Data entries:
+---+

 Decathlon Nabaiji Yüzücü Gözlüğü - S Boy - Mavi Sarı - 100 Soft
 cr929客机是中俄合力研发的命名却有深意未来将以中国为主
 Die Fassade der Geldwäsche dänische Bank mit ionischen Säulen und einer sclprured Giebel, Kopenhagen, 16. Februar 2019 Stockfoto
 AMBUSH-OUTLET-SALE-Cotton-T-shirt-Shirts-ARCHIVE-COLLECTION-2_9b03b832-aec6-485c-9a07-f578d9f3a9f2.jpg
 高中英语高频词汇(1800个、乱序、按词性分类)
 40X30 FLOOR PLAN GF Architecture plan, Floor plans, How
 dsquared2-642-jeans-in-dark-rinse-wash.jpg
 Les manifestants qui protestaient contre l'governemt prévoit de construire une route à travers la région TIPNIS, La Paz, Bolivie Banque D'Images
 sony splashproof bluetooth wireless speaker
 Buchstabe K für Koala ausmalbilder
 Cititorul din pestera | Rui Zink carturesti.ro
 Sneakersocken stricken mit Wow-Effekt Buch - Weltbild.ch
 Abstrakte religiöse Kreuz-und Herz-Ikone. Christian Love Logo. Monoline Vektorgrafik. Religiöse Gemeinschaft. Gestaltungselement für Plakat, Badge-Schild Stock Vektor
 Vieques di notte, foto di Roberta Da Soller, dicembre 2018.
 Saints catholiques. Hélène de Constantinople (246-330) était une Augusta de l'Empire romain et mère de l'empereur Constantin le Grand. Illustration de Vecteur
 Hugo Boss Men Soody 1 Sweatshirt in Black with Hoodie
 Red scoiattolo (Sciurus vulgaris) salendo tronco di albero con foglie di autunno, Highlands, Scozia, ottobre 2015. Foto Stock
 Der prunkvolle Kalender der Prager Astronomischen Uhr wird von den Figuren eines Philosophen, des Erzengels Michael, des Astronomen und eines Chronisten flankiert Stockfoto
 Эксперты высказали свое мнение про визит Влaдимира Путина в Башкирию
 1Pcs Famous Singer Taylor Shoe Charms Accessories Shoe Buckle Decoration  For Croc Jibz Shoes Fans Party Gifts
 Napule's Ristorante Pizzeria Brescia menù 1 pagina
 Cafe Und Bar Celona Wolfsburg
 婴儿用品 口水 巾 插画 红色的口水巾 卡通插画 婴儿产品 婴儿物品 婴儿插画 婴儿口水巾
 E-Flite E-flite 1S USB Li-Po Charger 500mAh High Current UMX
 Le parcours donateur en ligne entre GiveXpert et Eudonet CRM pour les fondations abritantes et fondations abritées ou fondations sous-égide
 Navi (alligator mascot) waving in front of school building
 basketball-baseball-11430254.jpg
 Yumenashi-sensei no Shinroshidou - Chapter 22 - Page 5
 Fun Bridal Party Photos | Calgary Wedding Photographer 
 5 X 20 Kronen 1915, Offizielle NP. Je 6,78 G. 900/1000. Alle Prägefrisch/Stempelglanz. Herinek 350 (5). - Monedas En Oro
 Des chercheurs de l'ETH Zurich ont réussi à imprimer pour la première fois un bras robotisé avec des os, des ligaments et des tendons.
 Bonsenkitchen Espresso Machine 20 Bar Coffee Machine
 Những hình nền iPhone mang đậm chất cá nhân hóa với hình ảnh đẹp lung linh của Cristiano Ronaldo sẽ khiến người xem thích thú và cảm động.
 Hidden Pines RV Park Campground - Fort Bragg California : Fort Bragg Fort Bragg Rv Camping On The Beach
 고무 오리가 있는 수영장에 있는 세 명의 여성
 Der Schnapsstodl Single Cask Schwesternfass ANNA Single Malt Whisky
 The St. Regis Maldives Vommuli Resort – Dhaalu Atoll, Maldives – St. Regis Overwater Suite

+---+

**Exercise details:** The answer must consist of every line from the entries that holds the string "Party".

**Response below:**
 1Pcs Famous Singer Taylor Shoe Charms Accessories Shoe Buckle Decoration  For Croc Jibz Shoes Fans Party Gifts
 Fun Bridal Party Photos | Calgary Wedding Photographer 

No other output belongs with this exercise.